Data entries

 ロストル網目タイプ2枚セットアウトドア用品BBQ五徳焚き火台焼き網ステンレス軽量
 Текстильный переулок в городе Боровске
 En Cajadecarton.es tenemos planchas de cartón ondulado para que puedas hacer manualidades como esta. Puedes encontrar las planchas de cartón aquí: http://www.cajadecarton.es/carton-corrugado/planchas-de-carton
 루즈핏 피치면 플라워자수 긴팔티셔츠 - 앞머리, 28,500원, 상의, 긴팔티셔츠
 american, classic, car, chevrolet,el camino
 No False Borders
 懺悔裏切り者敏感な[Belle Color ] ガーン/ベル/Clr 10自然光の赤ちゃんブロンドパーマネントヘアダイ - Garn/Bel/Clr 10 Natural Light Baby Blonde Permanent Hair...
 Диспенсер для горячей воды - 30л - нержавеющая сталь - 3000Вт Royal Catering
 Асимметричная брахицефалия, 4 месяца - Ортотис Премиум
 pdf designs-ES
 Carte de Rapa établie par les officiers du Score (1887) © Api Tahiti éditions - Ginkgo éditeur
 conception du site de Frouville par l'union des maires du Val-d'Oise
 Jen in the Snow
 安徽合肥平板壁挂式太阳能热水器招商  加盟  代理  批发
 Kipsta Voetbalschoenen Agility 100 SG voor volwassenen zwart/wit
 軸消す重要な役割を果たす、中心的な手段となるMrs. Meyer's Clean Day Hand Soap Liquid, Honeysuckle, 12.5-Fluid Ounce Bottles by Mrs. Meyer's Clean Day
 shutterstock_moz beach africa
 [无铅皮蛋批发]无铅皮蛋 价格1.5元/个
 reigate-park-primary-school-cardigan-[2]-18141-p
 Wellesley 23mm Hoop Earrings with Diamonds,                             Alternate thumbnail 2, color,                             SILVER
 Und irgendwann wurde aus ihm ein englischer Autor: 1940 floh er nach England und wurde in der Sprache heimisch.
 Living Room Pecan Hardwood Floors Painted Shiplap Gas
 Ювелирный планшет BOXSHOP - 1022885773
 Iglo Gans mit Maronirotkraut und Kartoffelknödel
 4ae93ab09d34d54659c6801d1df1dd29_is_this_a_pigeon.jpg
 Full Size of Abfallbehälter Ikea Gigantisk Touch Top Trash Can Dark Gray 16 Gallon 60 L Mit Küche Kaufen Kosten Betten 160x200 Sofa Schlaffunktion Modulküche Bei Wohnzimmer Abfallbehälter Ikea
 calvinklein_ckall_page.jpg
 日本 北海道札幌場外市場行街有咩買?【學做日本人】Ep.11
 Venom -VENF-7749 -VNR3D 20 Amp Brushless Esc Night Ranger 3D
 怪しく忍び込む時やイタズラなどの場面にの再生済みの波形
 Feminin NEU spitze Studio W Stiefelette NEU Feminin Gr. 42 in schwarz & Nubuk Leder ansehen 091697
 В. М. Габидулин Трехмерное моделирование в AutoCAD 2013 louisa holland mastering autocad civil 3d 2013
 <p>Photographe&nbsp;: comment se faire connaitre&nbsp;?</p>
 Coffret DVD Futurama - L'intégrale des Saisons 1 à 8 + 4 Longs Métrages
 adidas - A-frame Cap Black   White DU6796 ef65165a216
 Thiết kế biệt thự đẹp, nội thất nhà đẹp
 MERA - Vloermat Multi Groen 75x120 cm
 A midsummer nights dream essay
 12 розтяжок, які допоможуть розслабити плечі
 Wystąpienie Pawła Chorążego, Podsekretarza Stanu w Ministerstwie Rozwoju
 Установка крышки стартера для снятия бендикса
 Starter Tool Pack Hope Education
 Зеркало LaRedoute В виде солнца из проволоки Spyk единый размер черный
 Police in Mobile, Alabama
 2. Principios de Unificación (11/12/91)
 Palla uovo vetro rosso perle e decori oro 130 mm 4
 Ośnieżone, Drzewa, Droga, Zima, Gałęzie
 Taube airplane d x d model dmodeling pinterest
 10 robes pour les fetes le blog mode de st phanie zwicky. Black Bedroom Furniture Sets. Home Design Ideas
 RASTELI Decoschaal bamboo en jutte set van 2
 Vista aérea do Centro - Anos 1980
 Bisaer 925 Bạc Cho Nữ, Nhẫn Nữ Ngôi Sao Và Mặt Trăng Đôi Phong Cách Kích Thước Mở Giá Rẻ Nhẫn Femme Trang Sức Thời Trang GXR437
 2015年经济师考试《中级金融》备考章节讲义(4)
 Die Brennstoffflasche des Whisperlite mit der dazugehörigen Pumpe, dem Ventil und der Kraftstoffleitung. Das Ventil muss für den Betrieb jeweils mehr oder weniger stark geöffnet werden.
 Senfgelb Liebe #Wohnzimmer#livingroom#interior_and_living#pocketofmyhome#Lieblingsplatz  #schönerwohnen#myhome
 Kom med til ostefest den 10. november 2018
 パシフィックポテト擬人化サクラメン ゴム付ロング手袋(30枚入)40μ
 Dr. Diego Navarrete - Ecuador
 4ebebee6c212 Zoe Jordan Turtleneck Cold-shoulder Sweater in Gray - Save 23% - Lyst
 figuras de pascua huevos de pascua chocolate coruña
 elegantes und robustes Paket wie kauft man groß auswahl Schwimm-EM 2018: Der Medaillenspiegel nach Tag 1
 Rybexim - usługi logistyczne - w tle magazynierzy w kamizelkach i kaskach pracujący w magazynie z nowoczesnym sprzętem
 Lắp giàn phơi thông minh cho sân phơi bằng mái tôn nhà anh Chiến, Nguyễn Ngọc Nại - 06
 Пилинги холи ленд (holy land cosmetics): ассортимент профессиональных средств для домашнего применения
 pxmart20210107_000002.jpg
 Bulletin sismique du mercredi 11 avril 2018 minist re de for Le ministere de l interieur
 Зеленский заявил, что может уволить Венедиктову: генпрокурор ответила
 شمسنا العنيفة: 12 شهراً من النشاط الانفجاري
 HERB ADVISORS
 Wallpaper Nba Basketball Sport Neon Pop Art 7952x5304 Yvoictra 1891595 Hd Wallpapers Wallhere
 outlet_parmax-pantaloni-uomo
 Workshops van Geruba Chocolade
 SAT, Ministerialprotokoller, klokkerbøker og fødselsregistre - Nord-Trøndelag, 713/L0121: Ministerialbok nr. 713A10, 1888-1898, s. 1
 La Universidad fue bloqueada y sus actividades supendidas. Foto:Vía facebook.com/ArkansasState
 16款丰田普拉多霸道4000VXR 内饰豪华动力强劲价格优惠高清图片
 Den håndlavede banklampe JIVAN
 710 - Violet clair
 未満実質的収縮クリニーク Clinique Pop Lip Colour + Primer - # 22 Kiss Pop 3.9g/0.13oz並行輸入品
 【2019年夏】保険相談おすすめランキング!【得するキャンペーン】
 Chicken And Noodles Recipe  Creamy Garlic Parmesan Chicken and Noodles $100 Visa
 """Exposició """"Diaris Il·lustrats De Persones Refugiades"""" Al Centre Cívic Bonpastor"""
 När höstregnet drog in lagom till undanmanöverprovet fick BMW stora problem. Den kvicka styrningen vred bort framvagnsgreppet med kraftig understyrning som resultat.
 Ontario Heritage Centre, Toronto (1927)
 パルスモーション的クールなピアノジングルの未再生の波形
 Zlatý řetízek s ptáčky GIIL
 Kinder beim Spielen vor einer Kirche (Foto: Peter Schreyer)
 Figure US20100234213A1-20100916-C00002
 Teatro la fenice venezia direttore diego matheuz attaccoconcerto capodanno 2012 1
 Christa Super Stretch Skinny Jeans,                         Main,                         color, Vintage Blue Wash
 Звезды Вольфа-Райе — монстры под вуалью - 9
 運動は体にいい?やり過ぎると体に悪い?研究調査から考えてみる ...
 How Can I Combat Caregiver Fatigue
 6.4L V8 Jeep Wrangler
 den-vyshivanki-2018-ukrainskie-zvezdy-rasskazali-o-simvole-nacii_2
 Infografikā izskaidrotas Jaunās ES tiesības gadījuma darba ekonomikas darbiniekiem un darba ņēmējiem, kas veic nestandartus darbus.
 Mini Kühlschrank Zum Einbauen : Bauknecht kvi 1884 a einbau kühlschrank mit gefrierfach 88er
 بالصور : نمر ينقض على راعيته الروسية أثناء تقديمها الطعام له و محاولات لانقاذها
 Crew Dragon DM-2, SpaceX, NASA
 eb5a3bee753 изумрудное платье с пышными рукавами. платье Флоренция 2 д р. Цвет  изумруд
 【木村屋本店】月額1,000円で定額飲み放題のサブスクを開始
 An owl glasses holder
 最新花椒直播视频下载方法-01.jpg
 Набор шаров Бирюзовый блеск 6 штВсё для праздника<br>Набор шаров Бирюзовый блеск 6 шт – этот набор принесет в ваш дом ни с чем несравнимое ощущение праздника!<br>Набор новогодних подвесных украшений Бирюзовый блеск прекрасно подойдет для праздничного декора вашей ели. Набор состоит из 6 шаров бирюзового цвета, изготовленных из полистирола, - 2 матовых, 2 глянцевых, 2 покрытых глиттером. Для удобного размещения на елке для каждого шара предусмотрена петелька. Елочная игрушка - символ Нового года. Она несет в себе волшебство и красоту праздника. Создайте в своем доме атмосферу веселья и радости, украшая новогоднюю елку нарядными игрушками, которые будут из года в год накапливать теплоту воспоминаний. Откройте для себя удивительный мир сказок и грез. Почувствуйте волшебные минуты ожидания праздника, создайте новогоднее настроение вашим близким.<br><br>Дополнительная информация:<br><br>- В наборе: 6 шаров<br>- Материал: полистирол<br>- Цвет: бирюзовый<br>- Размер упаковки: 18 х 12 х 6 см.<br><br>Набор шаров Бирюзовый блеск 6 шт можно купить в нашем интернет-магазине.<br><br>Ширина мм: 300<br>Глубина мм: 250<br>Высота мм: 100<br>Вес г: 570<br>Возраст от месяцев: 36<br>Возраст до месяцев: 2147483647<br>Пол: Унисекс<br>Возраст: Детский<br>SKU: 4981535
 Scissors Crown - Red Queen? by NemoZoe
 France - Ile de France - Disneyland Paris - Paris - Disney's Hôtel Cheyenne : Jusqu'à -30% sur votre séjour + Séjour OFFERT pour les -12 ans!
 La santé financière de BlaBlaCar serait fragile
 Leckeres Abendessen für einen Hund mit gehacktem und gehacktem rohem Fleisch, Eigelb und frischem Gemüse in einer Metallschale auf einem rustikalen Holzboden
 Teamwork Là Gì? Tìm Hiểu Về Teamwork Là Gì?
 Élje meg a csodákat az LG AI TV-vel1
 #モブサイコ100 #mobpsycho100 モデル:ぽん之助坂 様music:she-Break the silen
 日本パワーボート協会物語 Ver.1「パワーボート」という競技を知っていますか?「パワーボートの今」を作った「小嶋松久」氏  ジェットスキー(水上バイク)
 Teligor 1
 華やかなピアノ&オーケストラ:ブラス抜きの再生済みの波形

* _ASSIGNMENT_:
Print exactly the lines from the beginning of the entries through the line with "Kipsta Voetbalschoenen Agility". Output nothing more.

* _ANSWER BELOW_:
 ロストル網目タイプ2枚セットアウトドア用品BBQ五徳焚き火台焼き網ステンレス軽量
 Текстильный переулок в городе Боровске
 En Cajadecarton.es tenemos planchas de cartón ondulado para que puedas hacer manualidades como esta. Puedes encontrar las planchas de cartón aquí: http://www.cajadecarton.es/carton-corrugado/planchas-de-carton
 루즈핏 피치면 플라워자수 긴팔티셔츠 - 앞머리, 28,500원, 상의, 긴팔티셔츠
 american, classic, car, chevrolet,el camino
 No False Borders
 懺悔裏切り者敏感な[Belle Color ] ガーン/ベル/Clr 10自然光の赤ちゃんブロンドパーマネントヘアダイ - Garn/Bel/Clr 10 Natural Light Baby Blonde Permanent Hair...
 Диспенсер для горячей воды - 30л - нержавеющая сталь - 3000Вт Royal Catering
 Асимметричная брахицефалия, 4 месяца - Ортотис Премиум
 pdf designs-ES
 Carte de Rapa établie par les officiers du Score (1887) © Api Tahiti éditions - Ginkgo éditeur
 conception du site de Frouville par l'union des maires du Val-d'Oise
 Jen in the Snow
 安徽合肥平板壁挂式太阳能热水器招商  加盟  代理  批发
 Kipsta Voetbalschoenen Agility 100 SG voor volwassenen zwart/wit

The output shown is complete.